Debcon – Was kommt nach den Mahnbescheiden?

In den vergangenen Wochen sind, dies hatten wir insbesondere auf unserer Facebook-Seite des Öfteren berichtet, einige unserer Mandanten, die sich nach Abmahnungen wegen Filesharing nicht zur Zahlung bewegen ließen und denen in den letzten Monaten das Inkasso-Unternehmen Debcon GmbH auf den Zeiger ging, von eben jener Debcon GmbH unter Mitwirkung eines Rechtsanwaltes Wulf mit Mahnbescheiden überzogen worden. Dies geschah offenbar in allen Fällen um die am Jahresende drohende Verjährung zu unterlassen.

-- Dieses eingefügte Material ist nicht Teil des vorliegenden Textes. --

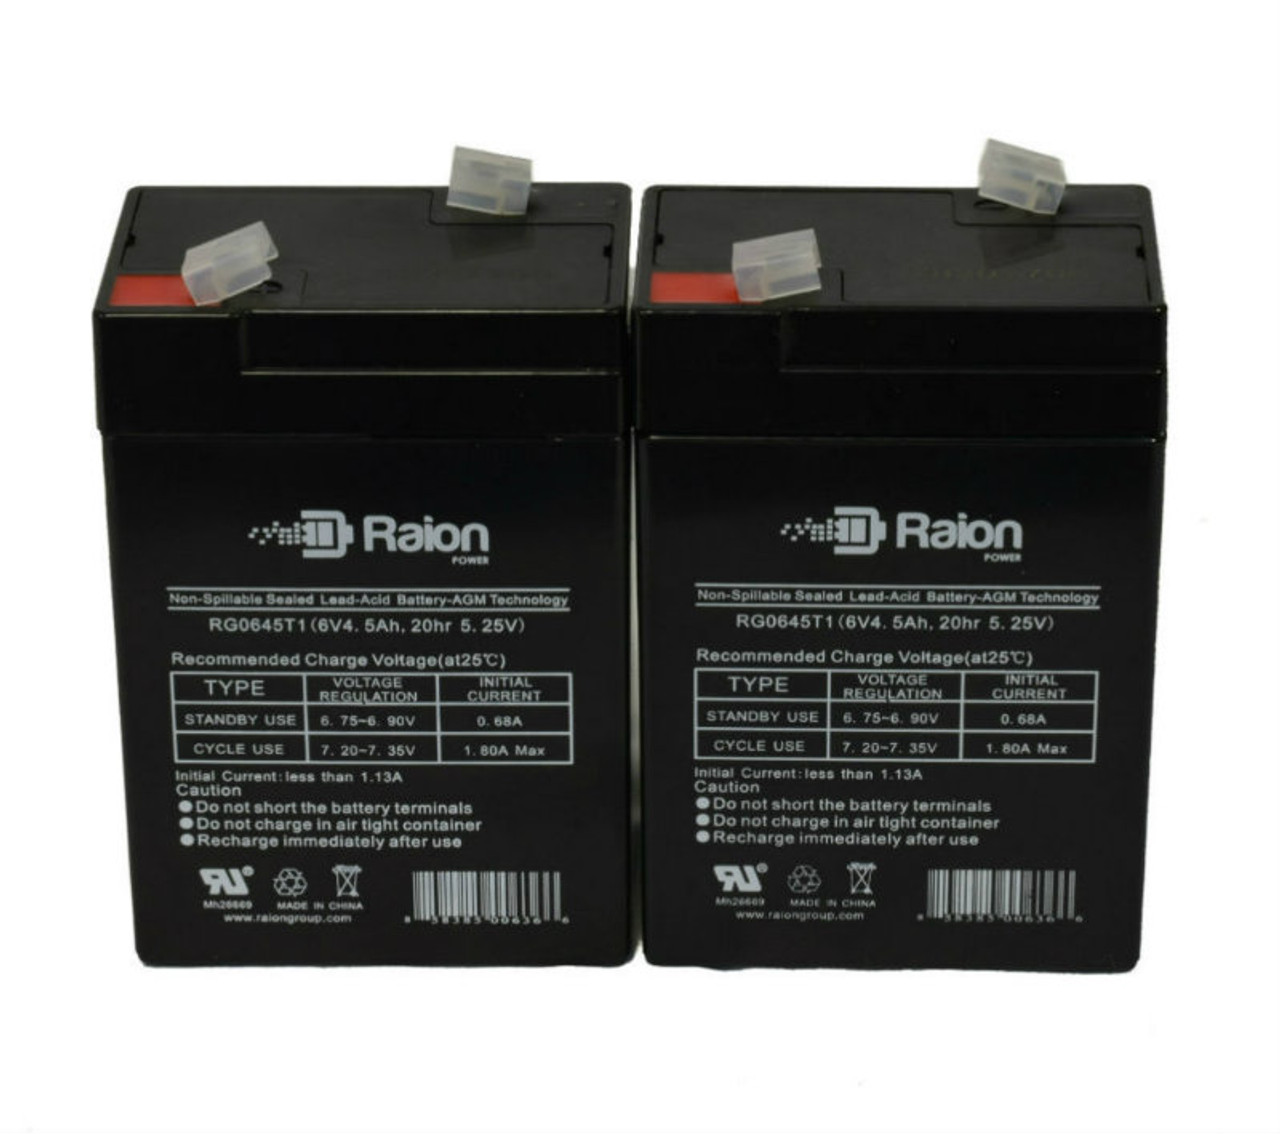 Raion Power 6 Volt 4.5Ah RG0645T1 Replacement Battery for XNB SN06004 - 2 Pack

Da es sich hierbei offenbar nicht um Einzelfälle sondern ein Massenphänomen handelt, ist von vielen Kollegen bereits diskutiert worden, wie es denn nun eventuell weitergehen könnte. Den Mahnbescheiden haben wir für unsere Mandanten in allen Fällen widersprochen. Wollte Debcon die Sache nun gerichtlich geltend machen, müssten Prozesskosten eingezahlt, die Sache an das örtlich zuständige Gericht abgegeben werden und Debcon eine Anspruchsbegründung liefern, der wir aus den verschiedensten rechtlichen Gründen mit großer Spannung entgegenfiebern.

Allerdings scheint Debcon weiterhin zu versuchen, die bislang erfolglose Strategie, unsere Mandanten außergerichtlich zur Zahlung zu bewegen, fortzusetzen. Denn erneut gehen jetzt in diversen Sachen, in denen wir für unsere Mandanten Widerspruch gegen den Mahnbescheid eingelegt haben, außergerichtliche “Angebote” ein, mit denen unsere Mandanten zur Zahlung eines meist nochmals reduzierten pauschalen Abgeltungsbetrages bewegt werden sollen.

Wenn Debcon auf diese Art und Weise hofft, um eine Anspruchsbegründung herum zu kommen, so wird das wohl nichts. Denn ich glaube kaum, dass unsere Mandanten sich nach Jahren der Zahlungsverweigerung ausgerechnet nun vom Inkasso-Unternehmen umstimmen lassen.